11 декабря исполнилось 10 лет с начала войны в Чечне. Теперь всем понятно, что линия фронта этой войны может в любой момент пройти через платформу ближайшей станции метро, через зрительный зал театра, подъезд жилого дома или торжественную школьную линейку. А российские власти, оказавшиеся в незавидной роли саперов среди рвущихся одна за другой мин советской национальной политики, чаще всего, к сожалению, не находят ничего лучшего, как продолжать «минирование».

Абхазия

Нодар Б., предприниматель из Гудаутского района, участник грузино-абхазской войны 1992–1993 годов:
– Россия, видно, хочет, чтобы мы выбирали себе президента до тех пор, пока не выберем того, кого ей надо. Они думают, что если построили нам мост и починили железную дорогу, то можно и не считаться с людьми и навязывать им свою власть. Привезли пьяного столичного артиста, а он со сцены крикнул: «Привет, аджарцы!» – «Мы не аджарцы!» – «Какая разница, все равно наша земля!» В Абхазии это не пройдет. Мы уже 12 лет независимы и при блокаде уже жили. Этим нас просто доведут до того, что мы станем террористами. Только ведь если Абхазию тронут – все малые нации поднимутся. До весны как-нибудь продержимся. А весной с Северного Кавказа к нам через перевалы пойдет не то что провизия – к нам войска пойдут, как в прошлый раз. А Россия сама увидит, с кем лучше иметь дело: с избранным президентом или с нашими военными.

Осетия

Алан Чочиев, Владикавказ, правозащитник, в прошлом глава Народного фронта Южной Осетии:
– Осетины, живущие к северу и к югу от хребта, – это один народ, который всегда был оплотом России и в последние несколько столетий не представлял себе жизни без нее. Именно Россия была союзником и защитником. Но после того, что произошло в Беслане, многие осетины стали задумываться: для чего тогда нужен этот союз, если Россия не может защитить наших детей даже с помощью своих лучших сил? Очень многие осетины думают теперь, что Осетия должна полагаться только сама на себя.

Ингушетия и Чечня

Магомед М., сотрудник ингушской милиции, раненный во время нападения боевиков на Назрань 22 июня 2004 года:
– О том, что нечто подобное может произойти, знали давно. Среди нападавших были не столько чеченцы, сколько местные. По сути, это месть нам и региональному управлению ФСБ. Особенно им. В последние несколько месяцев до нападения они задержали несколько десятков человек, причем никому ничего не предъявляли, просто забирали на улице. Разобраться, куда их увозили, часто не могла даже милиция. Да, кто-то из них был ваххабитом. Но Ингушетия очень маленькая. И если пересчитать эти несколько десятков человек на все население, получится 1937 год.

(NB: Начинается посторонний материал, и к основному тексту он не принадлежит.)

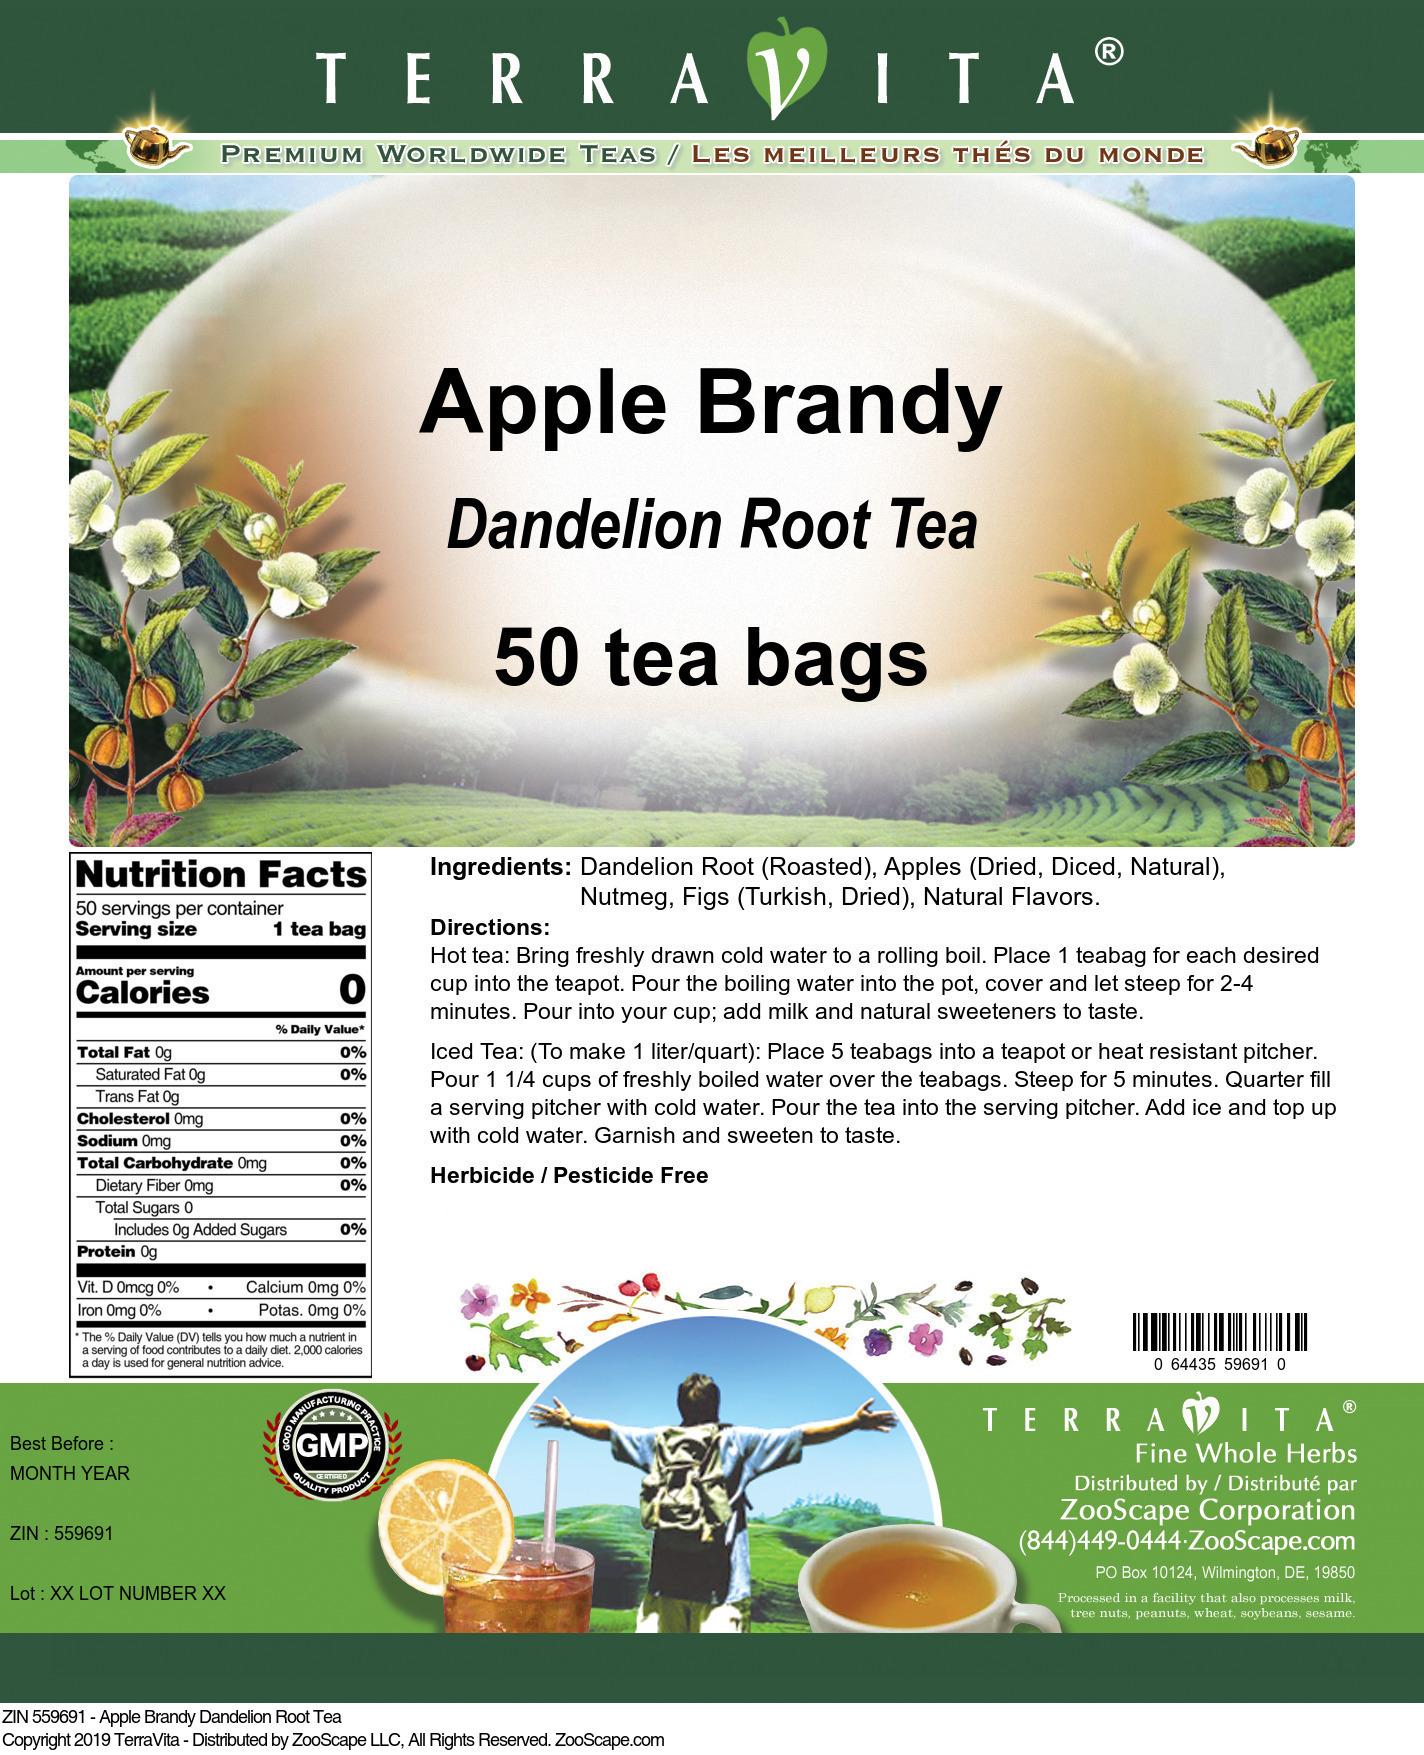 Apple Brandy Dandelion Root

Офицер армейской разведки на условиях полной анонимности, Чечня:
– У нас в Чечне трудно выстроить агентурную сеть. Поэтому действительно приходится забирать людей, у которых может быть хоть какая-то информация о боевиках. Мы на войне, здесь не до уголовно-процессуального кодекса. Допросы ведутся вне всяких правил. Часто после них человека просто невозможно вернуть родственникам. А если заранее сообщать им, куда помещен такой-то и такой-то задержанный, как это в принципе полагается по закону, то они не дадут работать. У всех связи. Они могут до президента дойти – не то что Чечни, а России. Любым способом своего вытащат. Или будут точно знать, кому мстить.

Али Забиев, житель селения Галашки, Ингушетия, граница с Чечней:
– В июне прошлого года я с братом Умаром и матерью возвращался на «ЗИЛе» в село с прополки. Вдруг из леса с обочины по грузовику открыли ураганный огонь. Колеса пробило, машина ушла в кювет, врезалась в дерево и загорелась. Мать оказалась ранена пулей через дверь. Мы выскочили из кабины и спрятались. Умар остался с матерью, а я стал пробираться за подмогой в село. Когда вернулись, никого не было. Мать, раненую, в лесу нашли, а вот Умара обнаружили только на следующий день – с переломанными костями, кто-то его присыпал землей. У меня брат в Назрани в милиции работает, майор. Он следствие как-то расшевелил. Они приехали, нашли там какое-то штатное снаряжение армейское. Да к тому же и в сводках передавали, что в районе Галашек был бой с боевиками. Но никакого боя, кроме той стрельбы, не было. Что ж, выходит, моя мать и брат – боевики?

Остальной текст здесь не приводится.